Interview with Steven Soderbergh
This 13 minute interview with the director sees him looking back at how the project came to fruition, as well as how he used this micro-budget film to reinvigorate his film making process.
Interview with Renee Shafransky
As Spalding’s long time writing partner and ex-wife, Shafransky gives insight into how Gray’s monologues made it from the stage to the screen. In this 18 minute interview, she also speaks about their writing process as a team and her feelings about what the story came to be as a film.
Swimming to the Macula
Uncut and raw, with no supplemental audio, this is the video of Gray’s eye actually being operated on, as spoken about in the film.
Though the trailer does a decent job of not giving too much away, it seems to insinuate a somewhat wacky film going experience, which really isn’t the case. It does however introduce the concept of Gray speaking his mind, while others are brought in to comment on some of his decisions. It’s presented in SD, and the audio is actually quite distorted in comparison to the cleaned up film track.
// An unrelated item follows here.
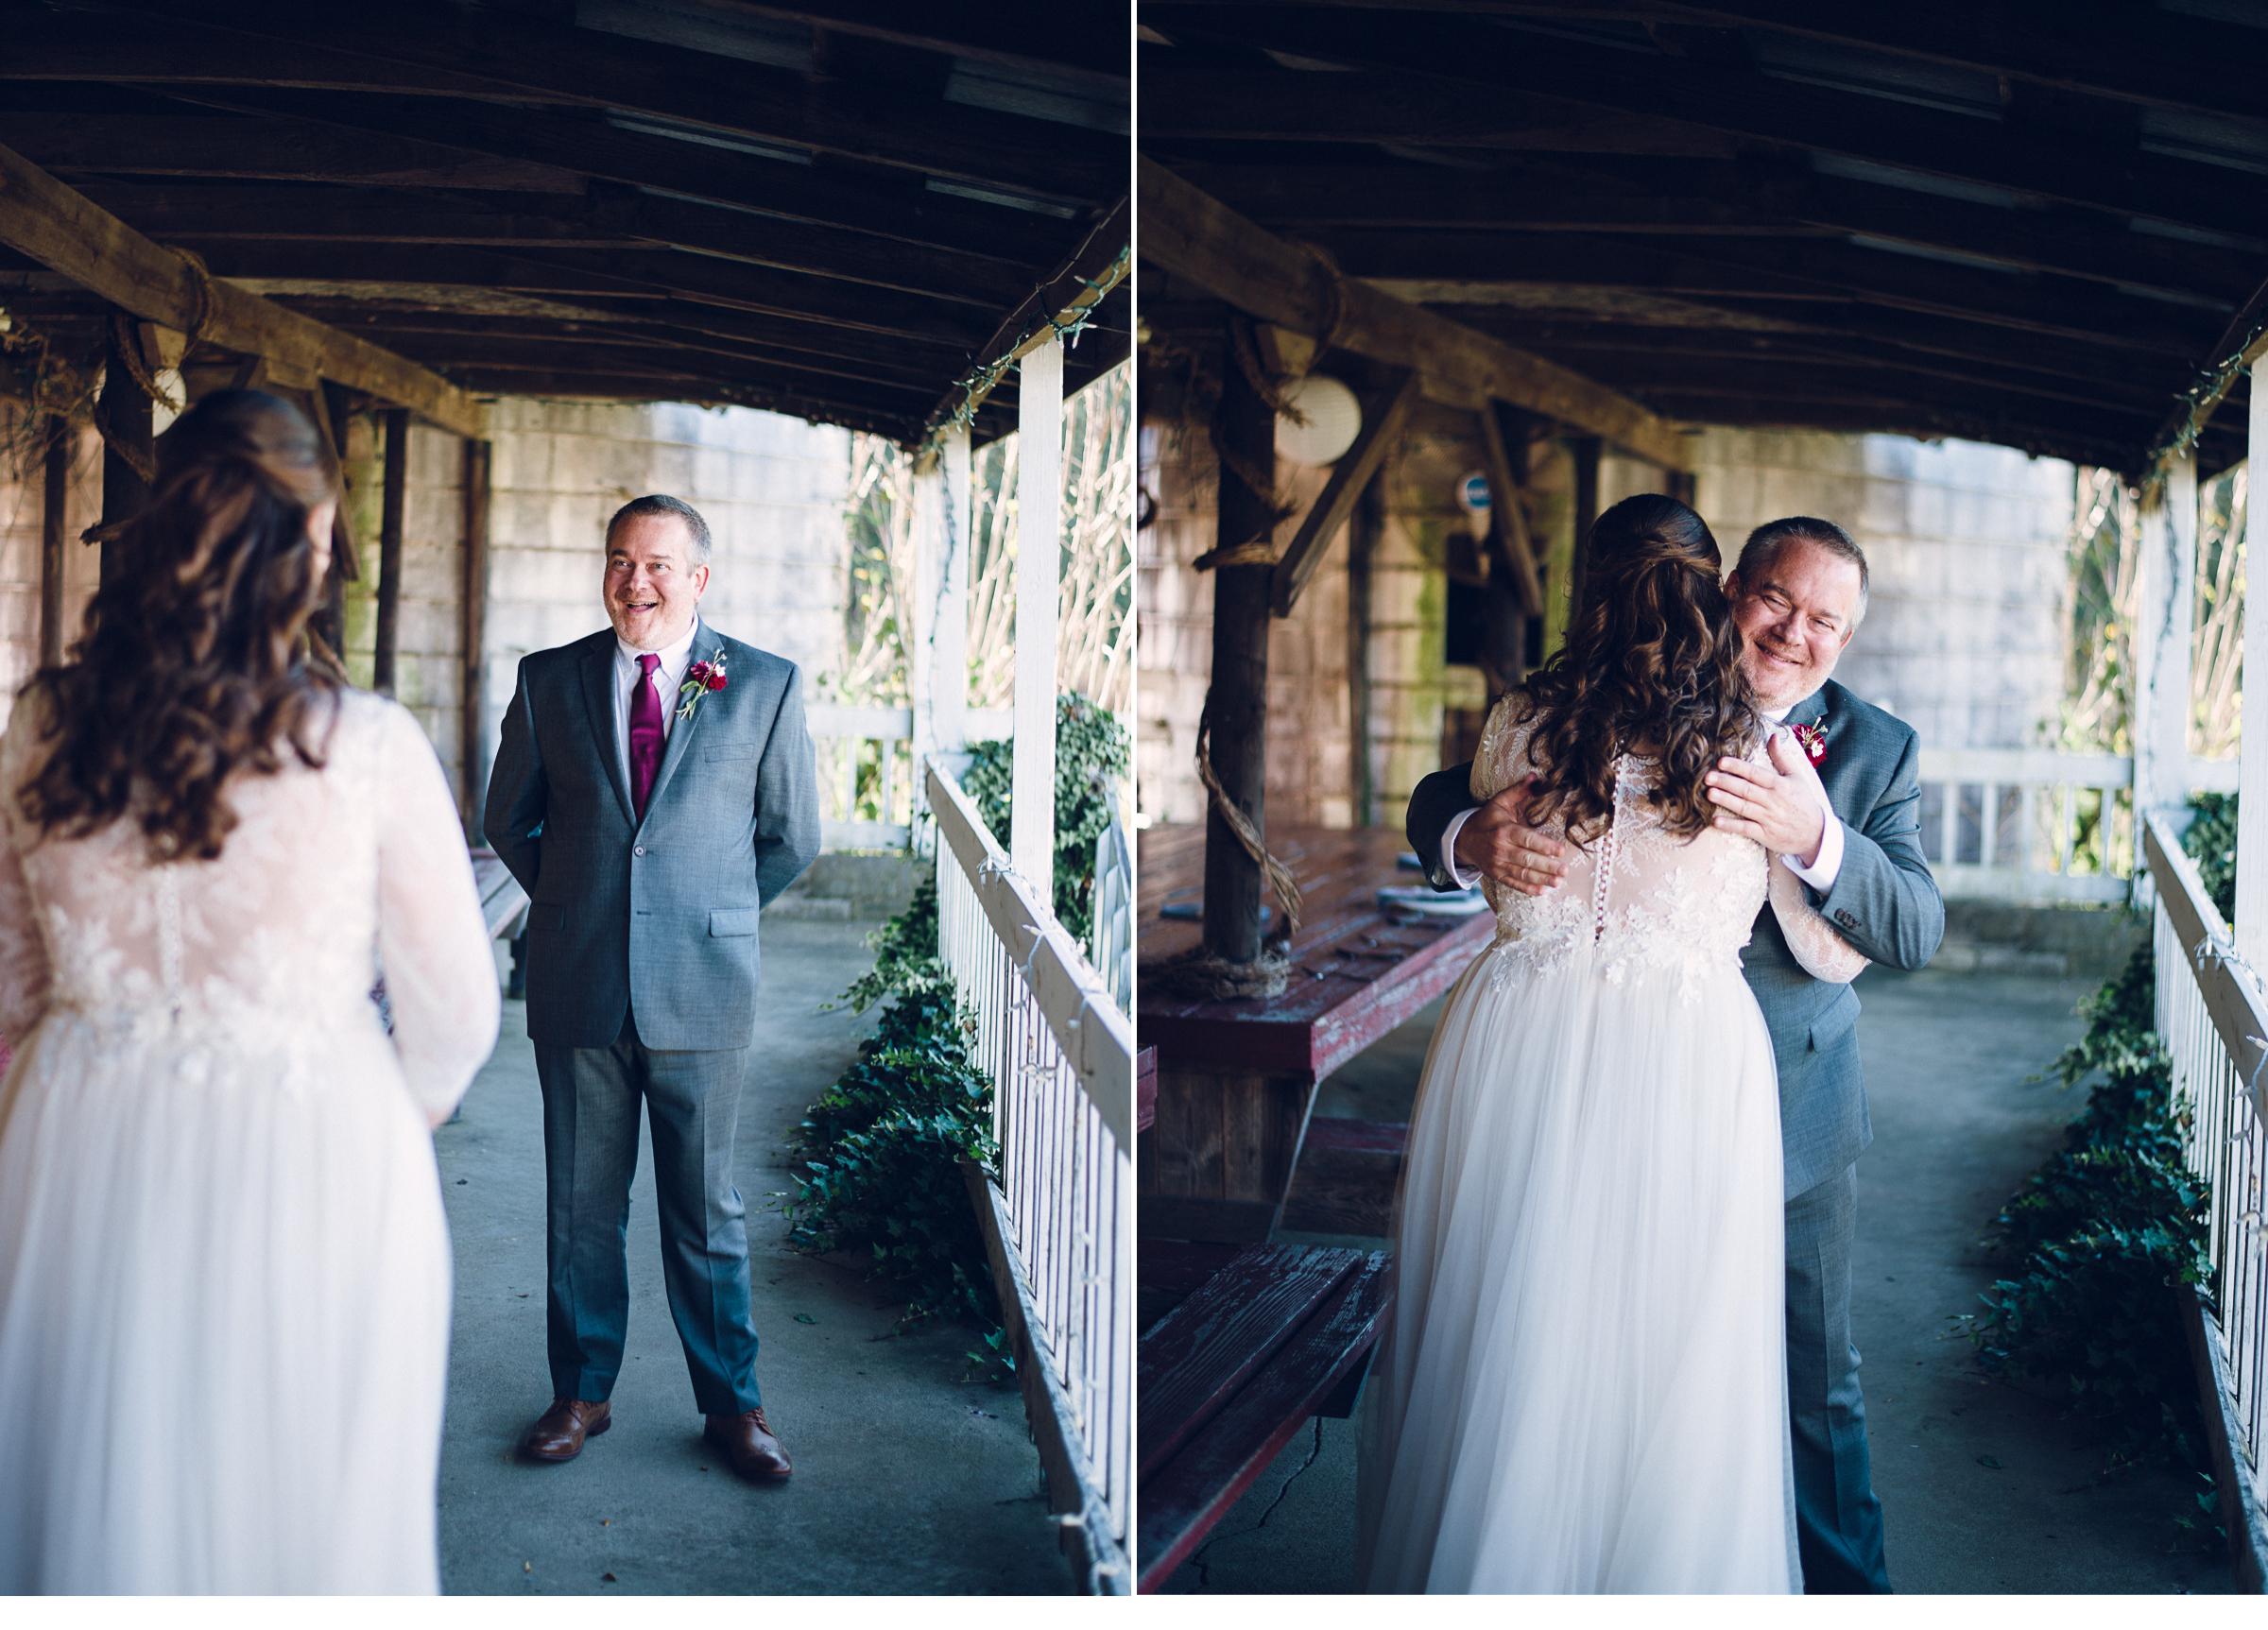 Stewart Wedding 21.jpg

A Personal History of the American Theater
Presented in its entirety, this is one of Gray’s monologues that he was performing with the Wooster Group in New York in the early 80s. This particular performance was filmed by Dan Weissman and Brad Picker at the Performing Garage on November 28, 1982. In it, Gray rattles on about many of his stage acting experiences from the decade previously with his signature dry humor and brilliant sentence structure.
This nice booklet contains shots from the film, a detailed breakdown of the film’s transfer process, and a lengthy critique on Gray and Soderbergh’s collaboration by Amy Taubin.
Soderbergh obviously held a lot of admiration for Spalding Gray. If it wasn’t obvious after seeing this, he also cast Gray in his film King of the Hill, as well as constructed And Everything Is Going Fine, a wonderful hodge-podge documentary about the man after his death. Gray’s Anatomy, in all its low budget glory, flourishes in its simplicity. Like a stage born stand-up alone in a room broadcasting to the world, Gray sits with his mic, filing through his memories with elegant composition and effortless charm, but in this odd sounding format conversion, his story loses nothing and we gain a film worth keeping for the ages.